Gene Regulation, Chromatin and Epigenetics |
Transcription regulation of restriction-modification system Esp1396I
1Waksman Institute for Microbiology, Department of Biochemistry and Molecular Biology, Rutgers, the State University of New Jersey, Piscataway, NJ 08854 USA, 2Institute of Biochemistry and Physiology of Microorganisms, Russian Academy of Sciences, Pushchino, 142292 Russia, 3Institute of Biomedical and Biomolecular Sciences, University of Portsmouth, Portsmouth PO1 2DT, UK, 4E. A. Doisy Department of Biochemistry and Molecular Biology, St Louis University Medical School, St Louis, MO 63104, USA and 5Institutes of Molecular Genetics and Gene Biology, Russian Academy of Sciences, Moscow, Russia
*To whom correspondence should be addressed. Tel: +1 732 445 6095; Fax: +1 732 445 5735; Email: severik{at}waksman.rutgers.edu
Received January 27, 2009. Revised March 3, 2009. Accepted March 13, 2009.

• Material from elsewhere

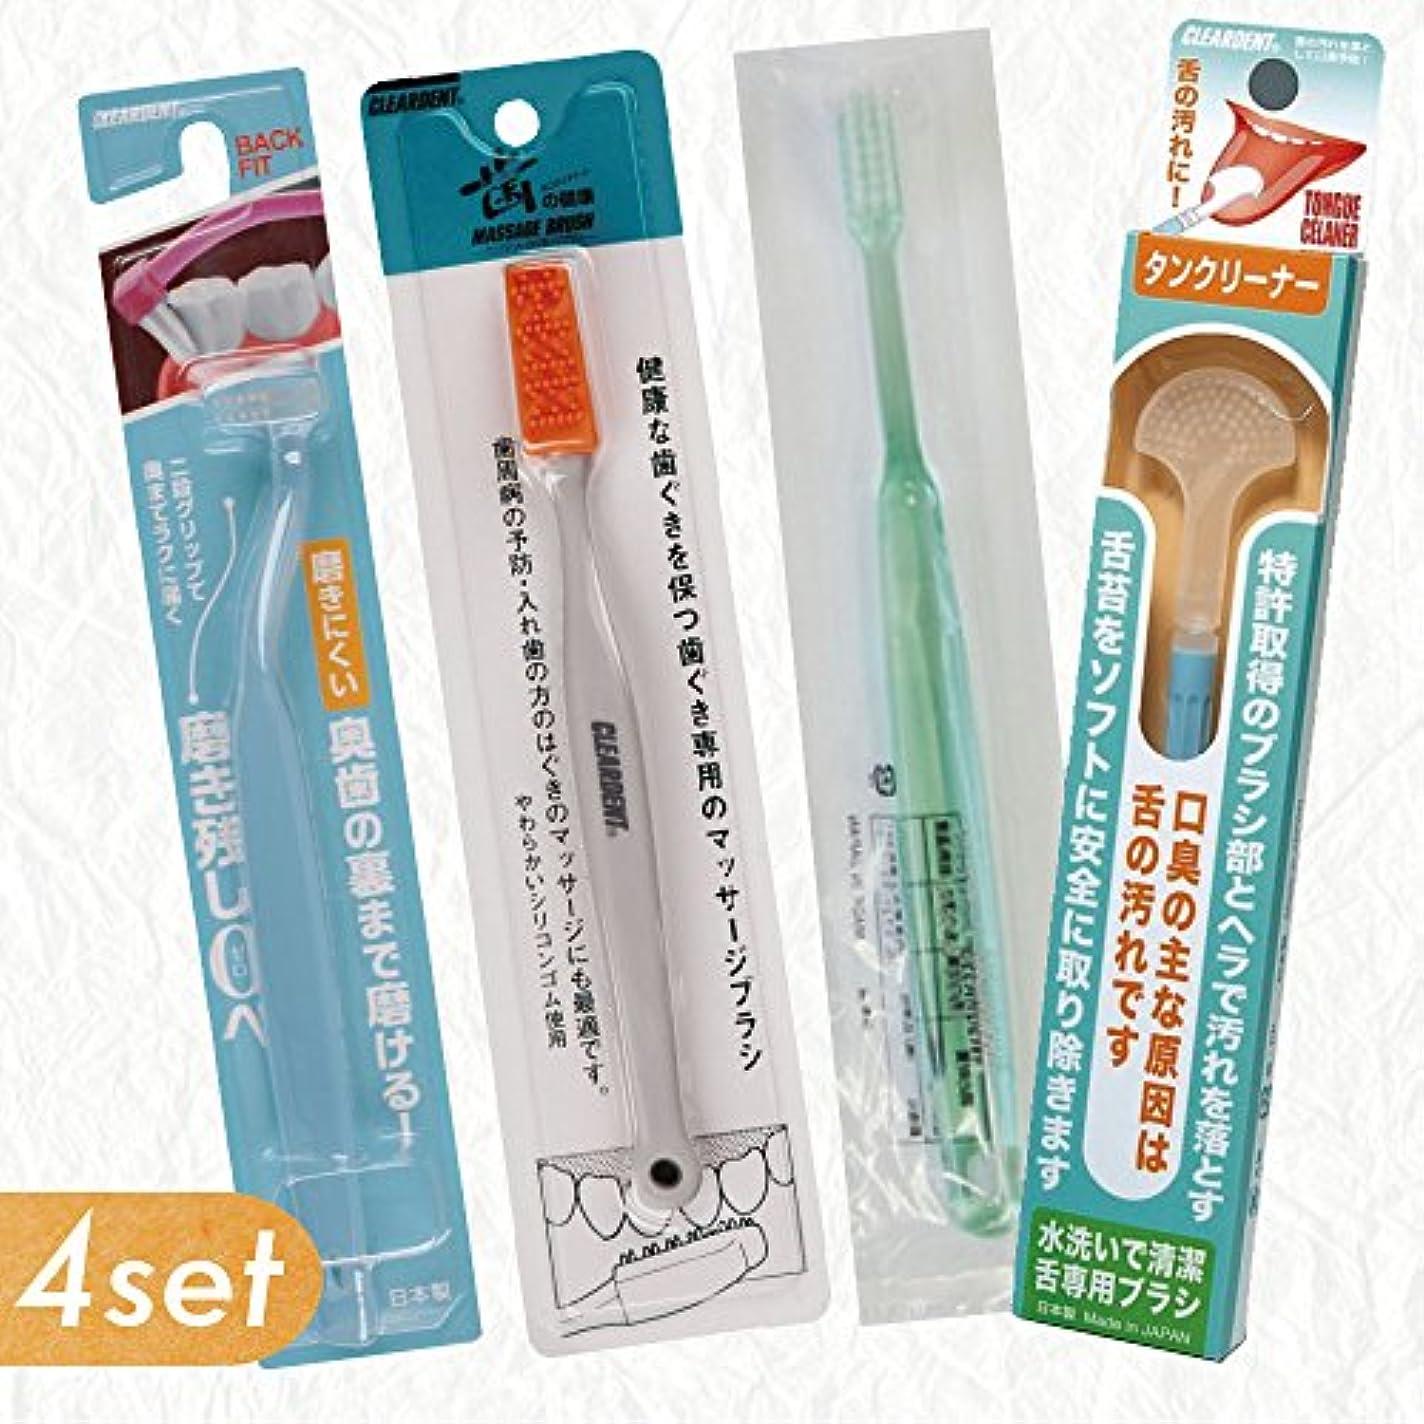 コミットメント崖アクセシブル【CLEARDENT】(4点セット)はぐきマッサージブラシ+タンクリーナー+バックフィット+歯ブラシ各1本(色は指定できません。)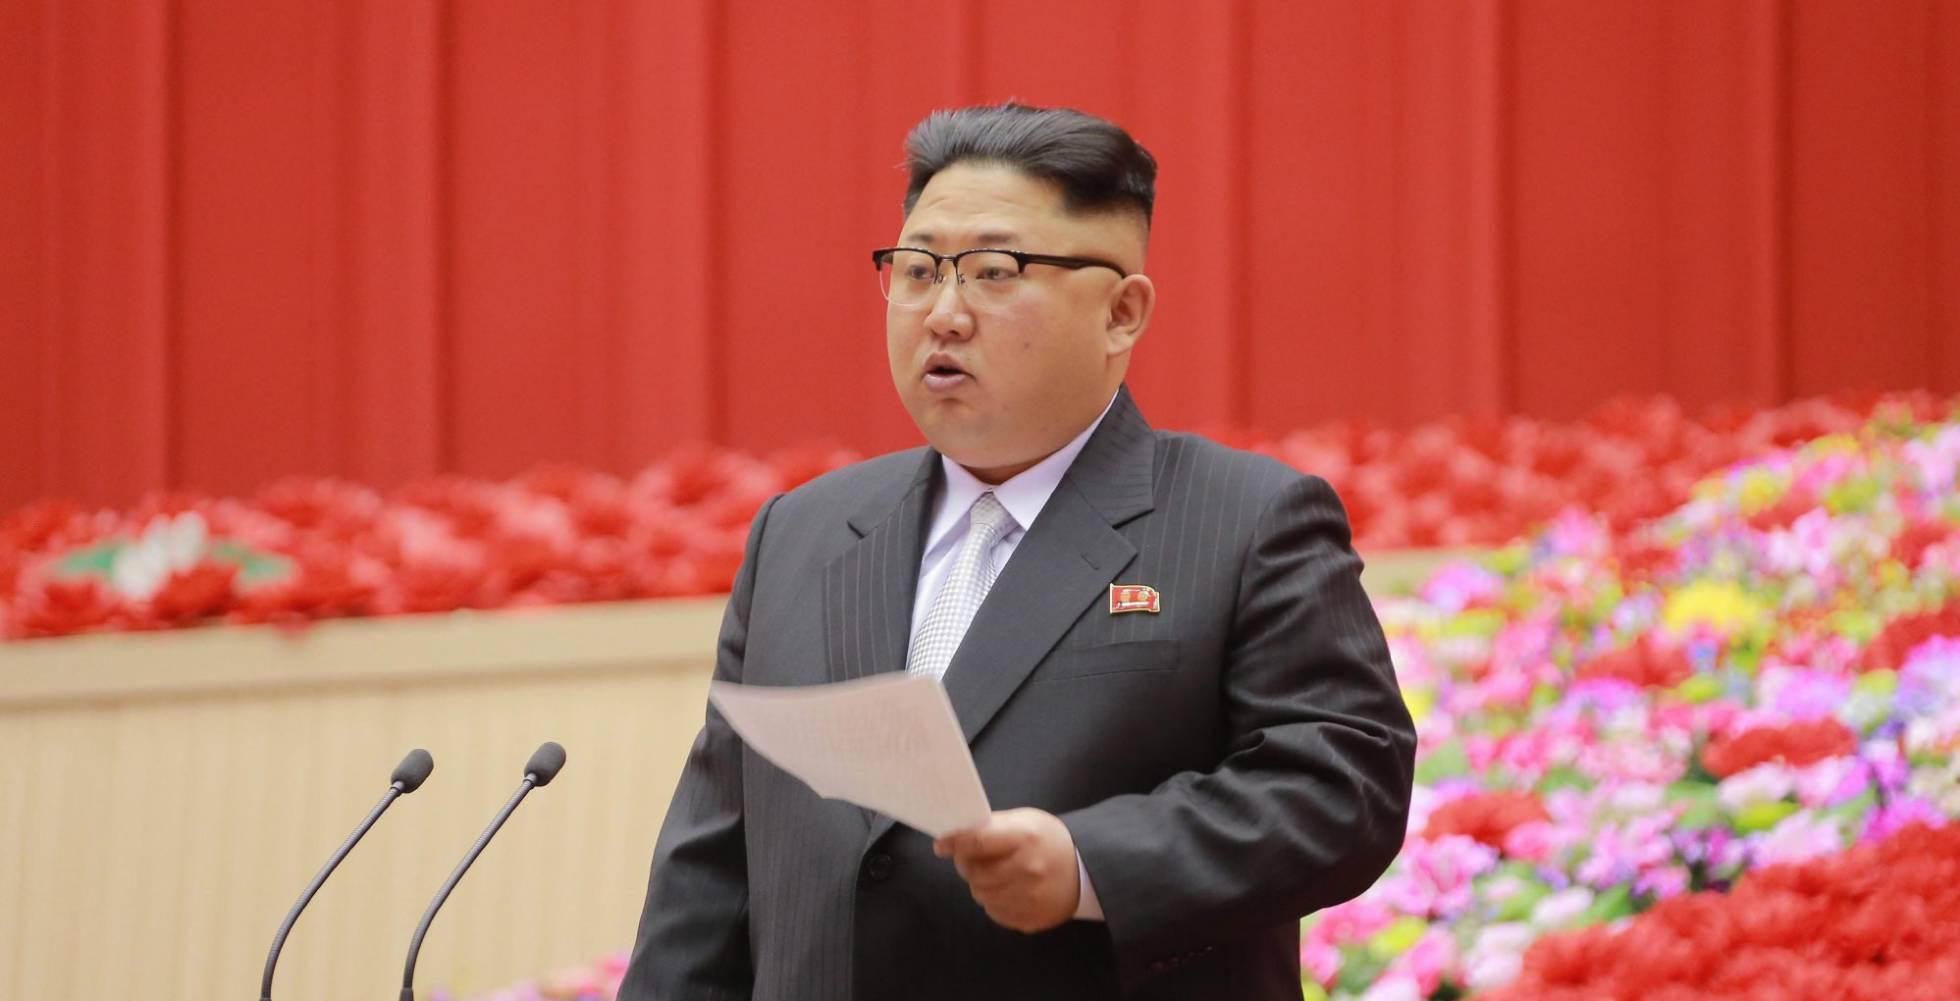 guerra - Corea Del Norte...¿La guerra se acerca? - Página 29 1483009965_155566_1483010162_noticia_normal_recorte1

The convergently transcribed restriction (R) and methylase (M) genes of the Restriction–Modification system Esp1396I are tightly regulated by a controller (C) protein that forms part of the CR operon. We have mapped the transcriptional start sites from each promoter and examined the regulatory role of C.Esp1396I in vivo and in vitro. C-protein binding at the CR and M promoters was analyzed by DNA footprinting and a range of biophysical techniques. The distal and proximal C-protein binding sites at the CR promoter are responsible for activation and repression, respectively. In contrast, a C-protein dimer binds to a single site at the M-promoter to repress the gene, with an affinity much greater than for the CR promoter. Thus, during establishment of the system in a naïve host, the activity of the M promoter is turned off early, preventing excessive synthesis of methylase. Mutational analysis of promoter binding sites reveals that the tetranucleotide inverted repeats long believed to be important for C-protein binding to DNA are less significant than previously thought. Instead, symmetry-related elements outside of these repeats appear to be critical for the interaction and are discussed in terms of the recent crystal structure of C.Esp139I bound to the CR promoter.